Essa dinâmica de rios conectando núcleos populacionais gerou uma estrutura regional em que Blumenau ficou no cruzamento de vários fluxos, tanto comerciais quanto humanos. Toda a produção agrícola e artesanal das colônias do interior precisava passar pela cidade para chegar ao litoral, consolidando seu papel de entreposto regional.
A influência dos afluentes no desenvolvimento das cidades
Os municípios que nasceram ao longo dos afluentes do Itajaí-Açu desenvolveram identidades próprias, mas sempre com referência a Blumenau como polo. Rio do Sul, Ibirama e Presidente Getúlio, por exemplo, ficam no interior do Vale e mantêm vínculos econômicos com Blumenau, que concentra os serviços especializados, as matrizes de empresas e os hospitais de maior complexidade. Esse padrão de dependência do centro foi se consolidando ao longo de décadas e ainda define o papel de Blumenau na rede urbana regional.
Blumenau na hierarquia urbana de Santa Catarina
A cidade ocupa essa posição por densidade e por escala. Com cerca de 361 mil habitantes, Blumenau é a terceira mais populosa de Santa Catarina e a maior do Vale, à frente de vizinhas como Gaspar, Indaial e Timbó. Essa concentração de pessoas cria um mercado consumidor robusto, atrai empresas e sustenta uma oferta de serviços que extrapola os limites do município e atende toda a microrregião.
Comparativo com Joinville e Florianópolis
Santa Catarina tem três cidades que se destacam como centros regionais: Joinville, no norte, com forte parque industrial, Florianópolis, no litoral, como capital e polo de serviços públicos e turismo, e Blumenau, no Vale, como núcleo da indústria têxtil e da tecnologia. Cada uma delas polariza um conjunto de municípios menores e forma uma rede urbana complementar. Blumenau ocupa esse papel no interior catarinense com uma economia diversificada que combina tradição e inovação, o que a diferencia das demais e justifica sua posição de destaque no mercado imobiliário estadual.

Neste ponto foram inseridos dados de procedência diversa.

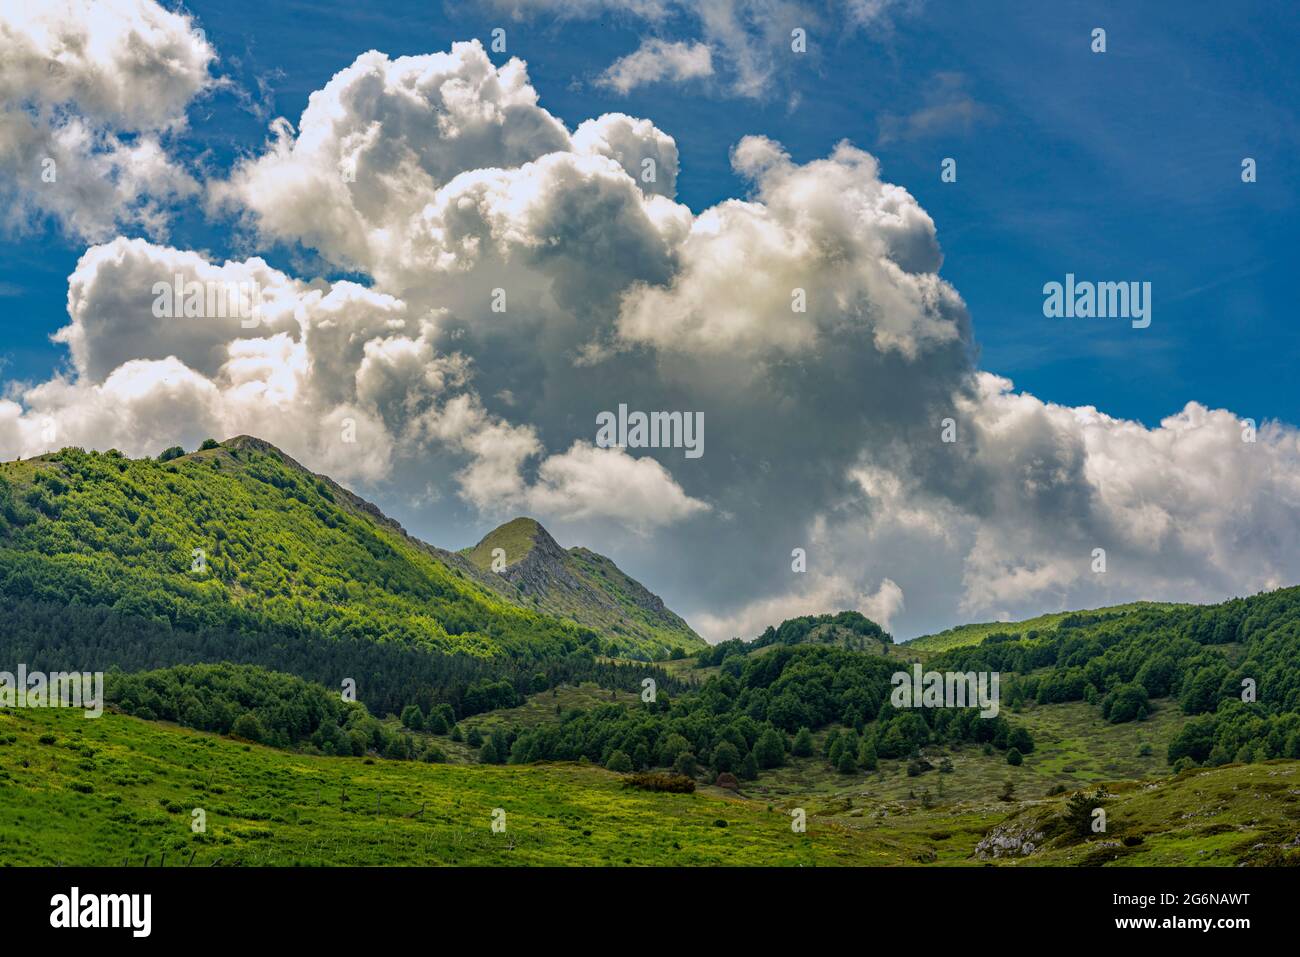 Paysage de montagne avec prairies et bois. Ciel avec de grands tas de nuages menaçants. Abruzzes, Italie, Europe Banque D'Images

História: a colonização alemã e a fundação por Hermann Blumenau
A trajetória da cidade começa em 2 de setembro de 1850, quando o farmacêutico e filósofo alemão Hermann Bruno Otto Blumenau fundou uma colônia particular às margens do Rio Itajaí-Açu. Os primeiros imigrantes, vindos sobretudo da Alemanha, trouxeram técnicas de construção, ofícios manuais e uma cultura de trabalho que moldariam a identidade local para sempre.
A chegada dos primeiros imigrantes e o desenvolvimento da colônia
As primeiras levas de colonos enfrentaram dificuldades imensas: a mata fechada da encosta da Serra Geral, o isolamento em relação às cidades litorâneas e as cheias periódicas do rio que abriria e fecharia o caminho para o mar. Mesmo assim, a colônia avançou. Nos primeiros dez anos, a população cresceu rapidamente com a chegada de alemães vindos principalmente da Pomerânia, da Silésia e da Renânia.

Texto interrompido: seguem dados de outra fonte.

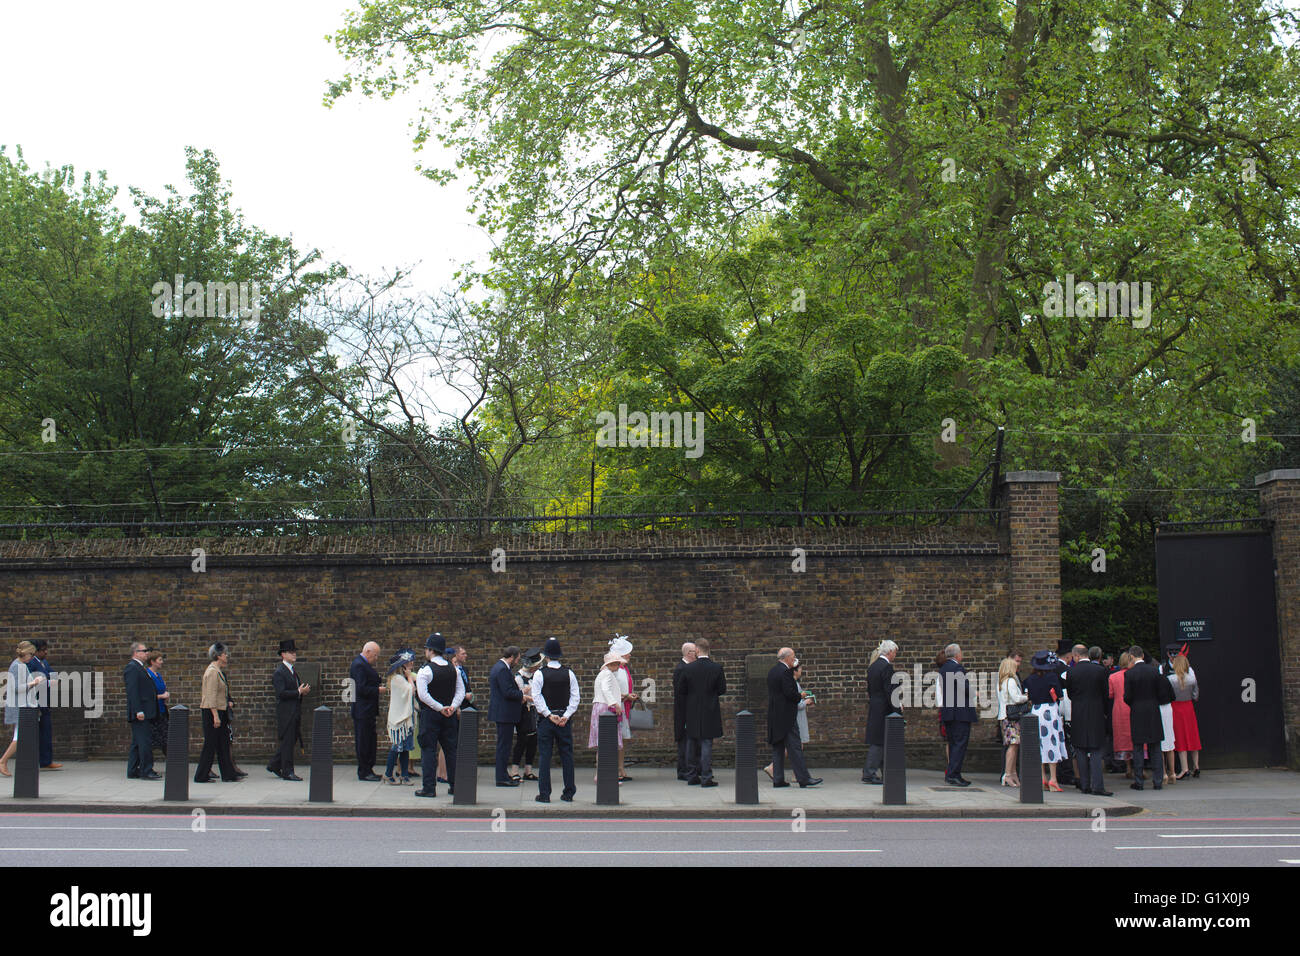 Les participants à l'assemblée annuelle de la Famille Royal Garden Party à l'extérieur de la file d'entrée de Buckingham Palace, Londres, UK Banque D'Images

Esse pioneirismo explica por que Blumenau se tornou o eixo da região e não o contrário. A colônia cresceu, atraiu novas levas de imigrantes, desenvolveu artesanato e pequenas indústrias e, com o tempo, espalhou famílias e negócios para os municípios vizinhos, muitos deles desmembrados do próprio território original de Blumenau. A cidade é, literalmente, a origem de boa parte do Vale.

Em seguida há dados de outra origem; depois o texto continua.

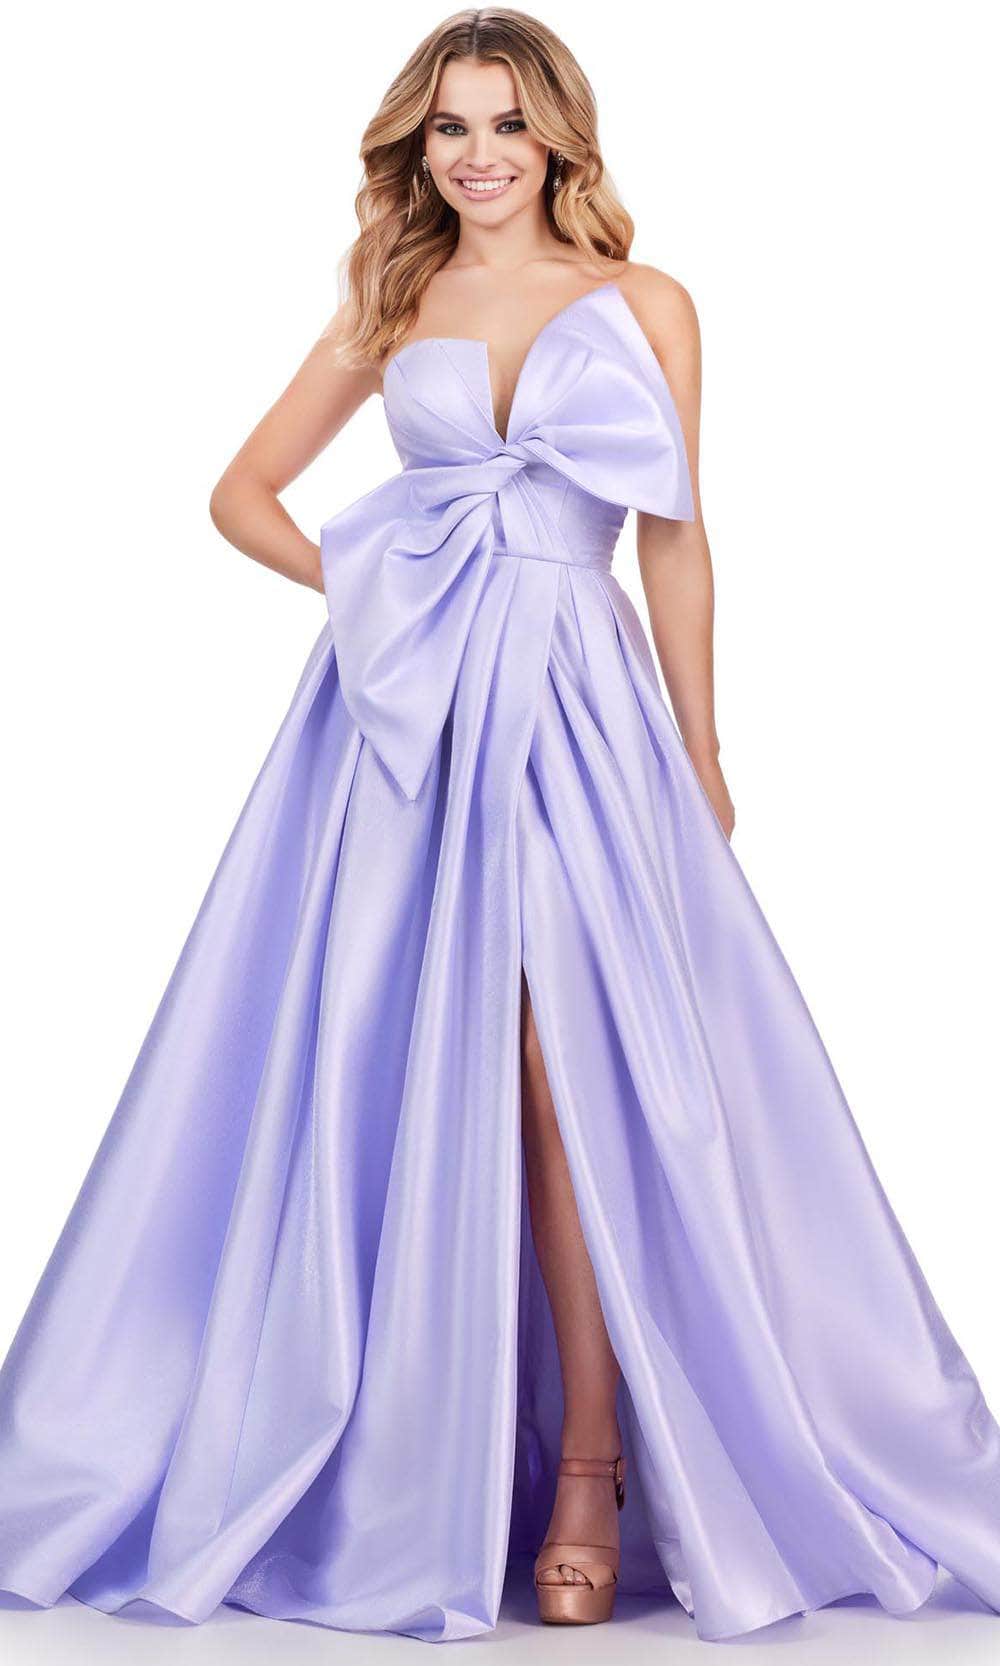 Ashley Lauren 11609 - V-Neck Oversized Bow Prom Ballgown

Os ofícios trazidos da Europa e a formação do artesanato local
Os imigrantes alemães não vieram apenas com as mãos vazias à espera de terra. Vieram com o conhecimento de ofícios: marcenaria, ferraria, olaria, tecelagem e confecção têxtil. Esses saberes se instalaram nas margens do Itajaí-Açu e logo foram transformados em pequenos negócios familiares que, ao longo de gerações, cresceram e se tornaram as grandes indústrias do século XX. A Hering, fundada em 1880, é o exemplo mais emblemático desse caminho do artesanato doméstico à indústria de escala nacional.
Como a colônia se expandiu e gerou municípios vizinhos
Com o crescimento da população, o território original de Blumenau foi sendo desmembrado. Cidades como Gaspar, Timbó, Pomerode e Indaial surgiram de antigas comunidades que faziam parte da colônia. Esse processo de emancipação gerou a estrutura municipal do Vale que existe hoje, com Blumenau no centro e as cidades derivadas ao redor.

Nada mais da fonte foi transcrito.